Second one, which is really interesting is people are looking at these market dislocations and buying books from other asset owners. So there’s lots of acquisitions going on, buying books, getting into new asset classes and people want to do that in a bit of a hurry, and it’s impossible to go set up a brand-new architecture system for that.

Coming to Clearwater makes them very nimble. They can buy assets in Germany tomorrow, they can buy assets and mortgages or whatever. So there’s definitely a class of people who are pushing on that, and that seems to be the sole reason they are doing that. And the third thing is it just risk people from audit committees and literally getting calls from audit committees saying, I need to get your risk in order with this rapidly changing and volatile environment. And so that drives it is just better control on a day-to-day management of risk and managing it better and being responsive to the market.
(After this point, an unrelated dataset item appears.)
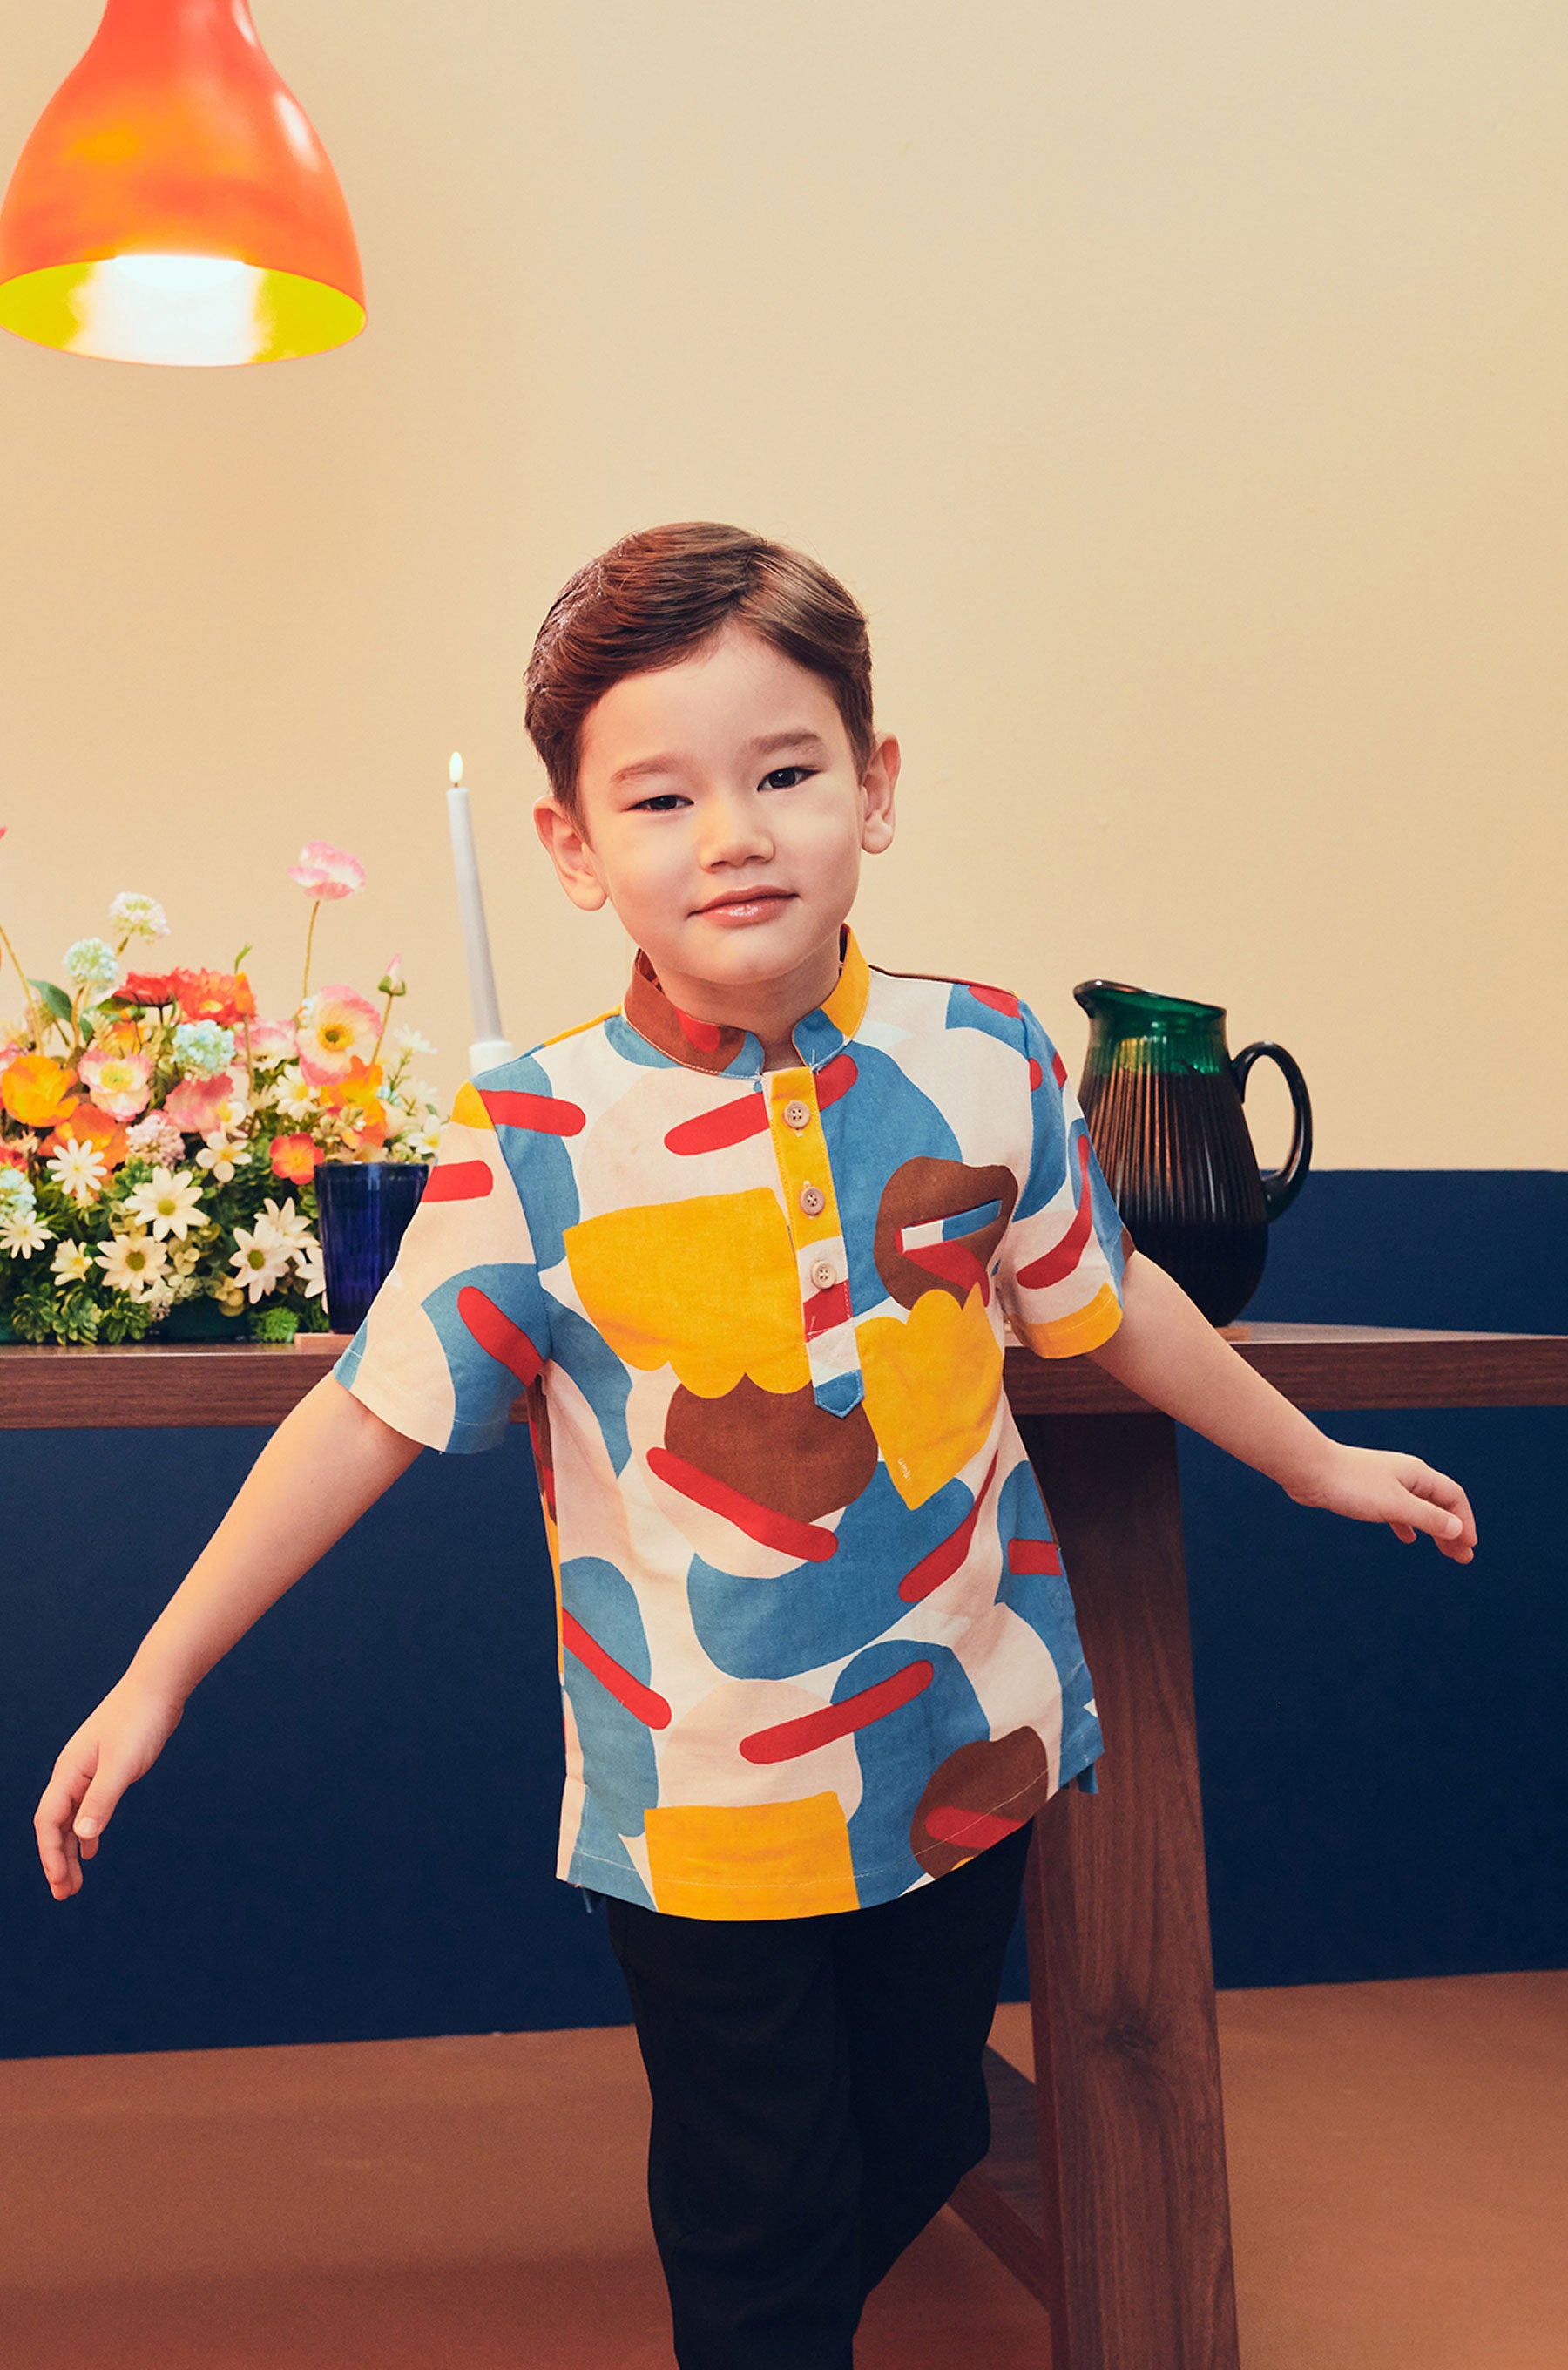 baju raya family sedondon kids boy shirt jellybean print

And so one of those 3 is what’s driving it. I mean you still have some cases where people are doing large scale financial transformations and that drives it. And sometimes, you will have a currently awarded client go to another company and saying, wow, this is not the way to do it, and they were bringing us along. So if you think about these 5 elements, I would hazard there’s a vast majority of our prospects would fall into one of these.

Brian Schwartz

And then one follow-up for Jim. Just thinking about the guidance for Q4, is it fair to assume that, that there’s still going to be a slight headwind here from the customers that are still on the old pricing plan, we see where AUMs are going? And then, Jim, are you factoring in the macro at all as you contemplated and initiated the Q4 guidance here today?

James Cox

Yes. I think we — when we looked at the Q4 guidance, we understood what the perspective of what the Fed was going to do and it looked like they did exactly what folks expected them to do today and so we did consider that as part of it and as we looked into the guidance.

Brian Schwartz

Thank you for taking my questions.

James Cox

Thank you. Take care, Brian.

Sandeep Sahai

Thank you, Brian.

Operator

Thank you. There are no further questions registered at this time. So I’d like to pass the conference back over to Sandeep Sahai for closing remarks. Please go ahead.

Sandeep Sahai

Look, I just wanted to thank you all for your continued interest in Clearwater. I think we’ve had a really good year-to-date performance. I think we’ve had headwinds, but we really found that we continue to deliver and target a 20% growth rate for the year, that we are very excited about that. We are very excited also about, I think being able to make all these contractual changes while booking the right amount really throughout the year.

And really that was really important for calendar year 2023 is that if we had not done this, we would continue to be subject to the volatility of the market, and we hope to mitigate that quite a bit. So thank you all. I really appreciate your interest and your time. Thank you.

Operator

Thank you all. This concludes today’s conference call. Thank you for your participation. You may now disconnect your lines.